• PROBLEM STATEMENT
Starting with the line that contains "- Metallic ring shoulder bag", repeat exactly every line through the last one in the records below, and leave out the pictures.

• EXERCISE DATA
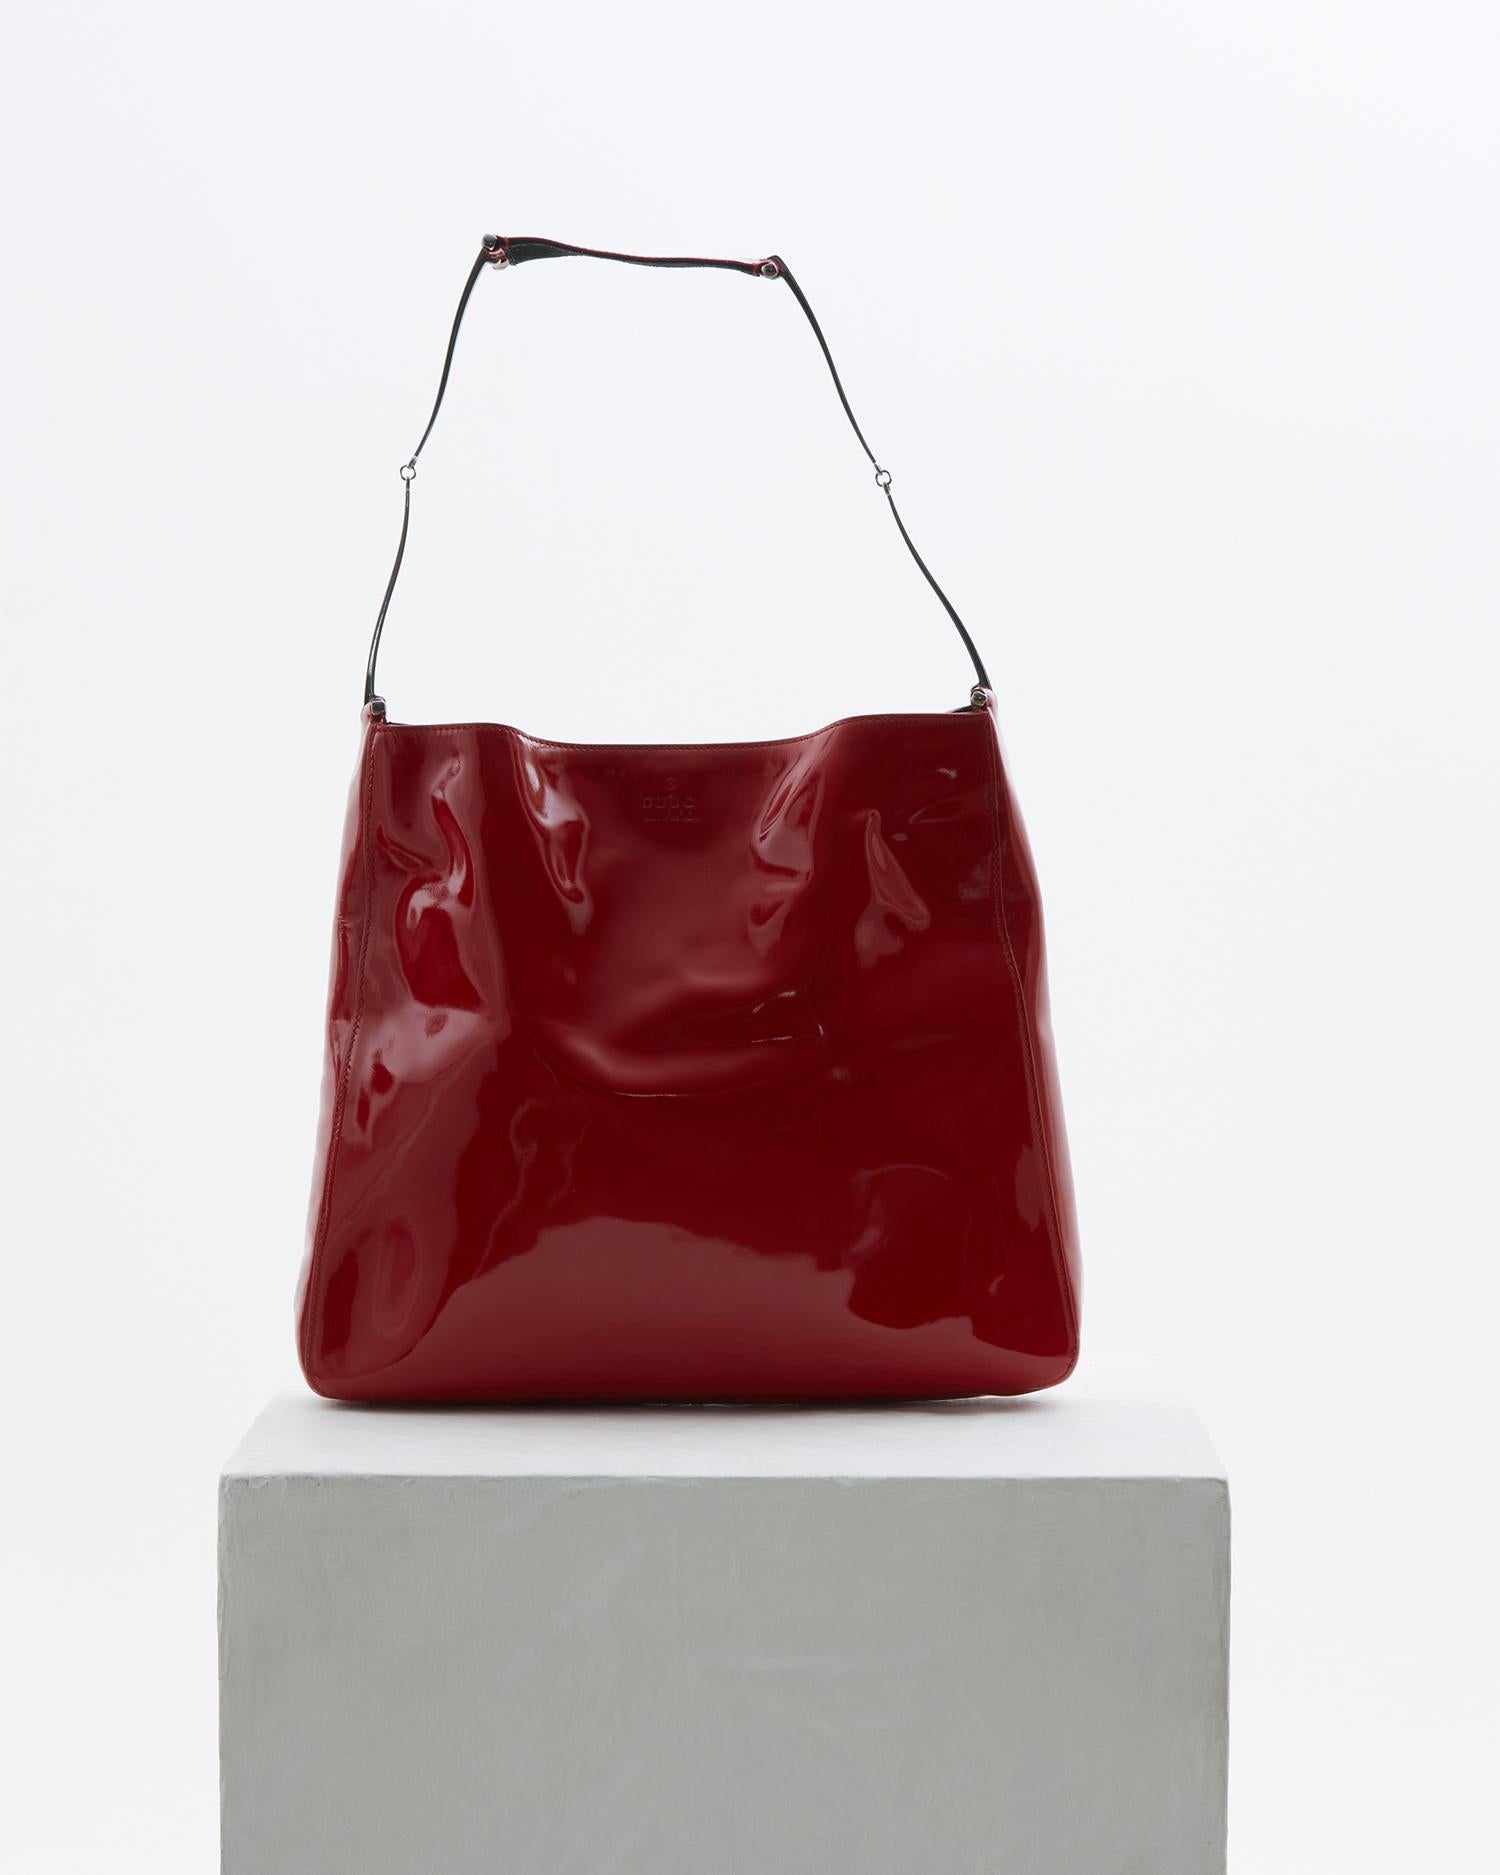 - Designed by Tom Ford 
- Sold by Skof.Archive
- Metallic ring shoulder bag
- Red Patent leather shoulder bag 
- Magnetic snap closure
- Comes with dust bag

Composition:
100% Leather

Measurements:
Height 30 cm / 12”
Dept 5 cm /2”
Length 34 cm / 13”
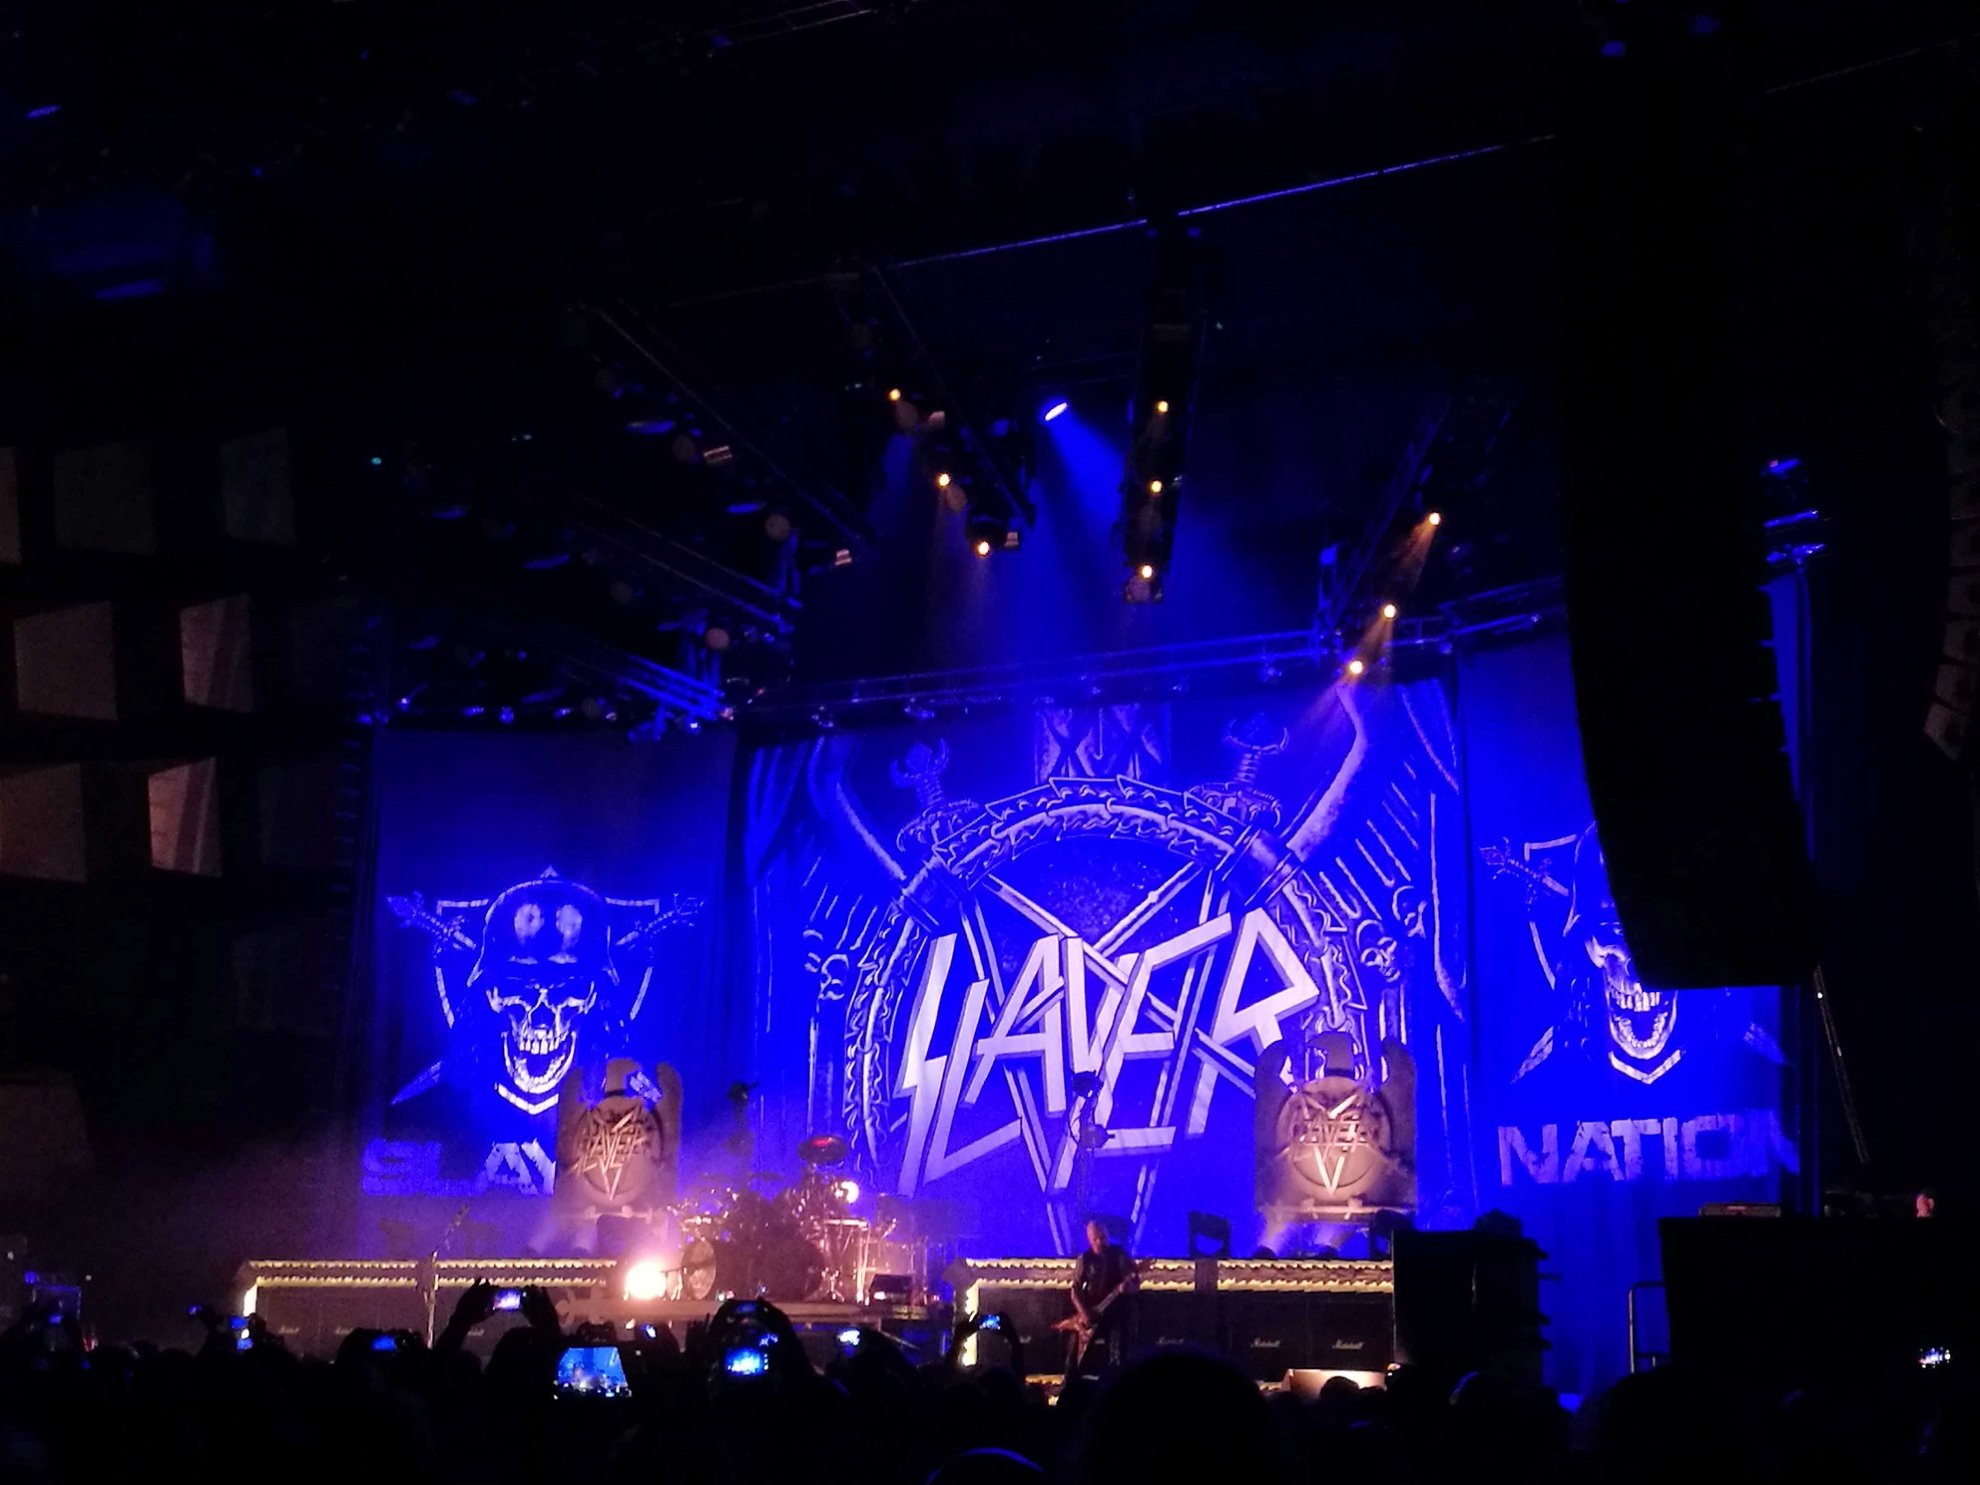  Slayer

• SOLUTION TO THIS EXERCISE
- Metallic ring shoulder bag
- Red Patent leather shoulder bag 
- Magnetic snap closure
- Comes with dust bag

Composition:
100% Leather

Measurements:
Height 30 cm / 12”
Dept 5 cm /2”
Length 34 cm / 13”
  Slayer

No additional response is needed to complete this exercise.